Below we provide a detailed description of the trimming algorithm, and highlight its performance on three datasets: ~1.5 million Drosophila pseudoobscura reads; and in the de novo assembly of two bacterial genomes.

2 METHODS

For a set of shotgun reads, Figaro infers the vector sequence from the frequency of occurrence of kmers (DNA segments of length k). Under the assumption that the vector DNA flanking the inserted sequences is the same for all the sequences in a dataset, the most frequent kmers in the data likely represent vector DNA. This assumption is generally true for shotgun sequencing data, with the following exceptions: (i) different sequencing libraries may use different vectors; (ii) the vector sequences upstream and downstream from the splice site are often different (hence ‘Forward’ and ‘Reverse’ reads are prefixed by different vector DNA); and (iii) when cloning adapters are used, two different strings, corresponding to distinct adapter sequence, may prefix the reads even from a single library and orientation. To improve accuracy, the reads are partitioned by library and sequencing direction, if such information is available.

Figaro operates in two phases: (i) identification of frequent kmers likely to represent vector DNA (called vectormers throughout the text); and (ii) estimation of the vector clip point for every read, on the basis of the vectormers identified in step (i). These two components of the algorithm are described in detail below.
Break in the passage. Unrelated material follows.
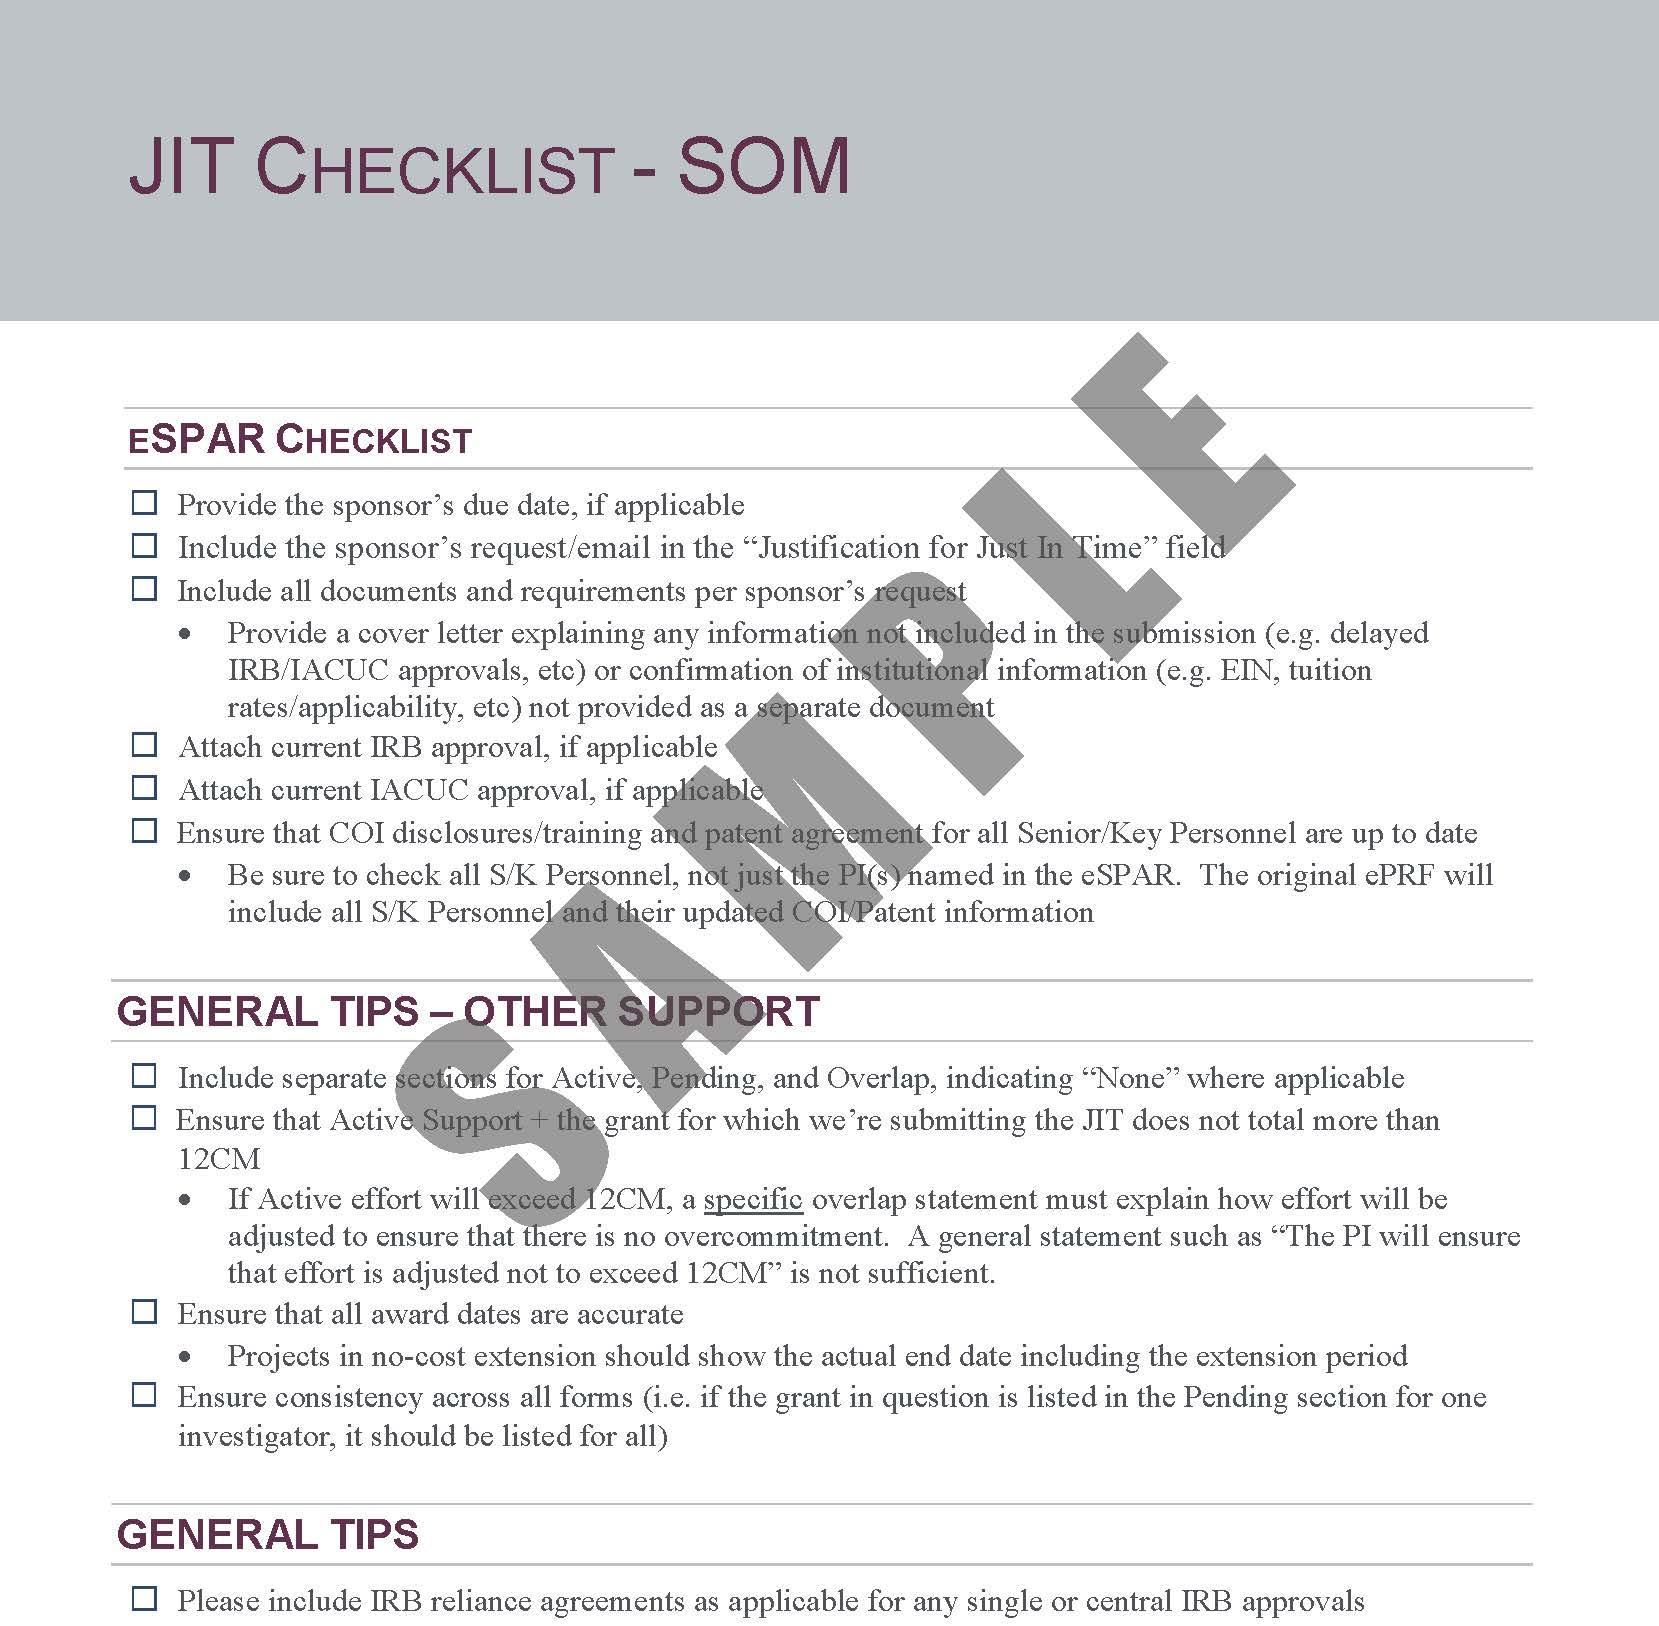 JIT Checklist

2.1 Detection of vectormers

The vector sequence can be recognized by identifying kmers that are more frequent at the beginning of reads than anywhere else. Intuitively, the beginning of reads represents the DNA from the vector which is shared by the majority of reads in a dataset. The remaining section of each read should be randomly sampled from the genome, leading to few commonalities between distinct reads in the dataset.
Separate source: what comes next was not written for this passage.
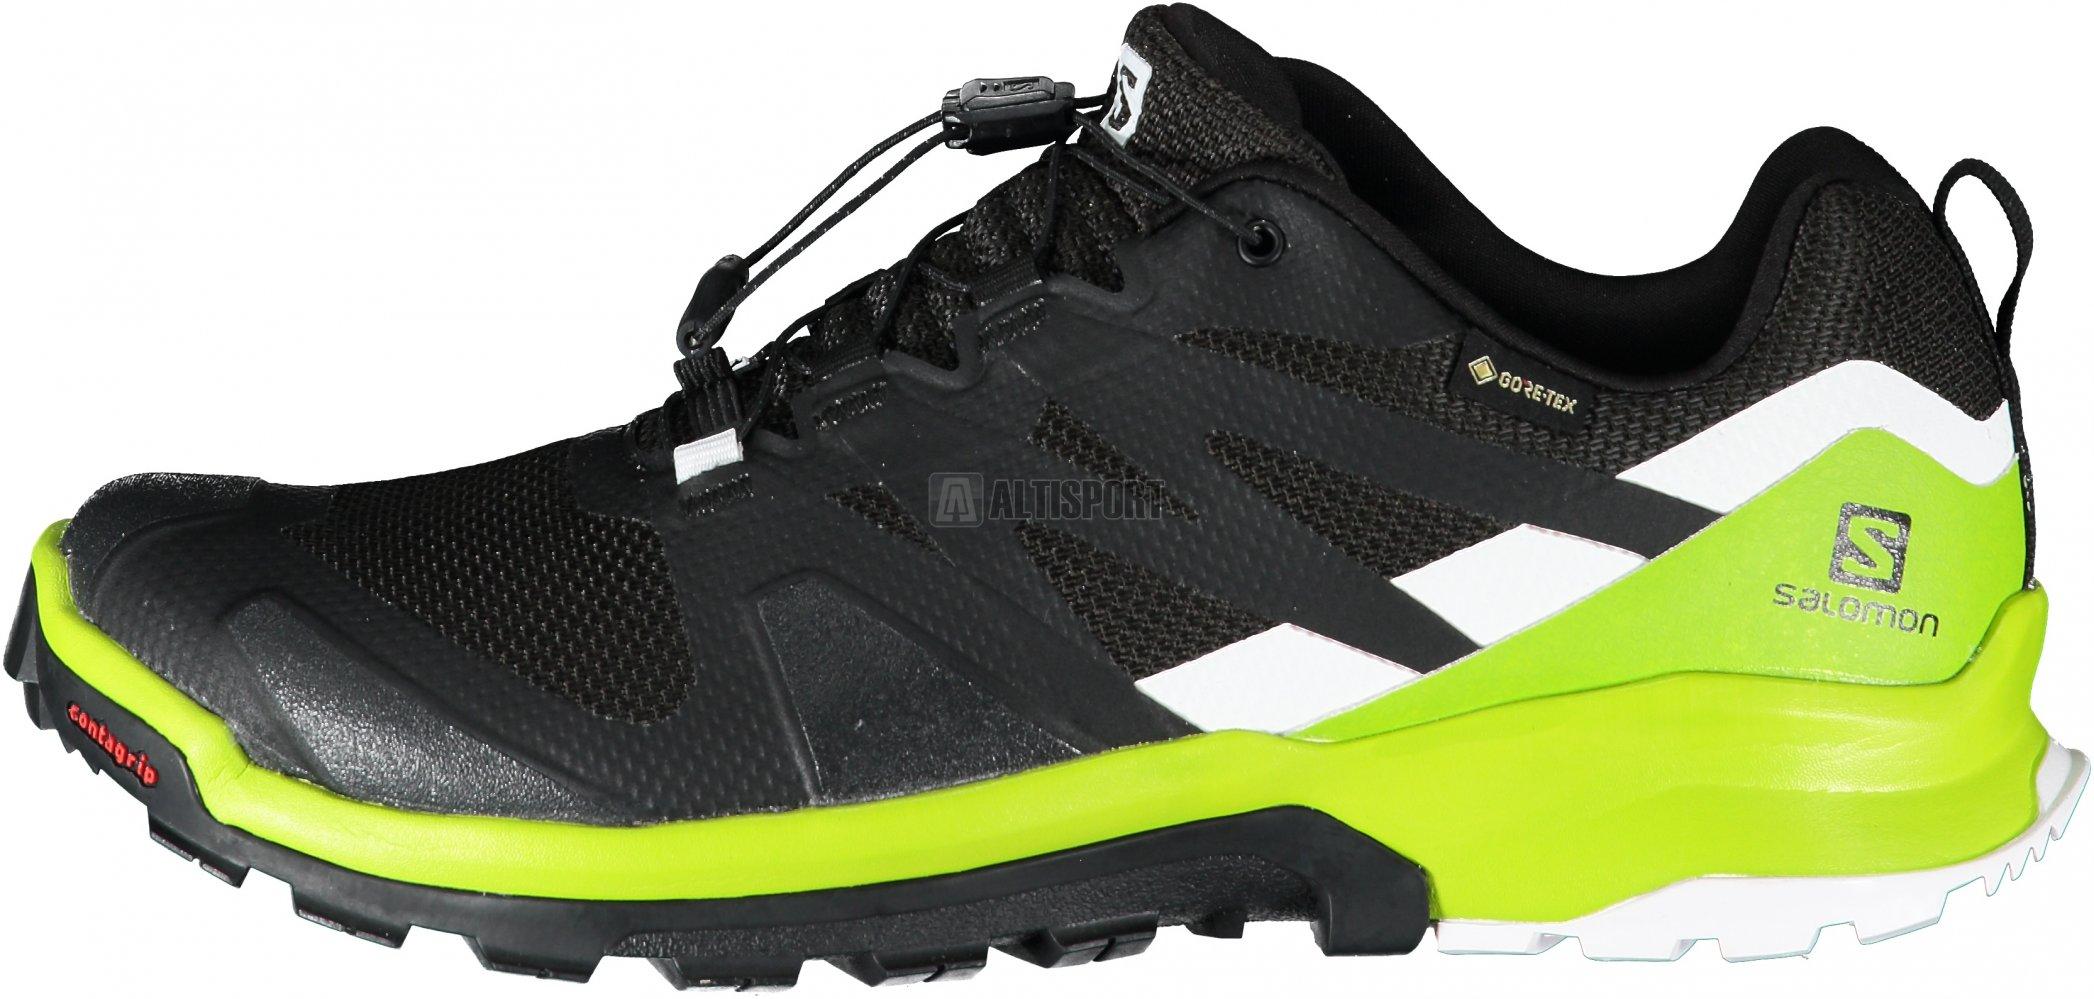 Salomon XA Rogg GTX Herren L41121900 phantom//lime green *UVP 129,99

A kmer frequency table is created which records the number of occurrences of each word of length k within adjacent windows of length L over the first E bases of all reads (a kmer is assigned to the window in which it starts, thus allowing us to count kmers that cross window boundaries). We truncate all reads to a same length E in order to avoid artifacts due to the increased error rates at the ends of reads. Given a maximum vector cut length, M, we declare the safe zone of the reads to be the region from base M to E (Fig. 3). For each kmer K_i, if s_i is the number of occurrences of K_i in the safe zone across all reads, then we define its arrival rate α_i to be:

α_{i} = \frac{s_{i}}{E - M}

Given α_i, we model the number of occurrences of K_i as a Poisson process. Letting X be the frequency of K_i in a window of length t, X follows a Poisson distribution with parameter λ=tα_i. Considering f_j, the frequency of occurrence of K_i within the jth window of length L (Fig. 4), we can estimate the likelihood of observing at least f_j occurrences of K_i in L base pairs given α_i. Mathematically,

P (X \geq f_{j}) = 1 - P (X < f_{j}) = 1 - \sum_{y = 0}^{f_{j - 1}} \frac{e^{- λ} λ^{y}}{y!}

where λ=Lα_i. A kmer is declared to be a vectormer if P(X ≥ f_j)<0.001 for a window within the first M base pairs of a read. By definition, we expect that 0.001*M/L of all kmers are incorrectly classified as vectormers. For example, assuming the average length of a read is 800 bp, four false vectormers are expected within any read for M = 100 and L = 20.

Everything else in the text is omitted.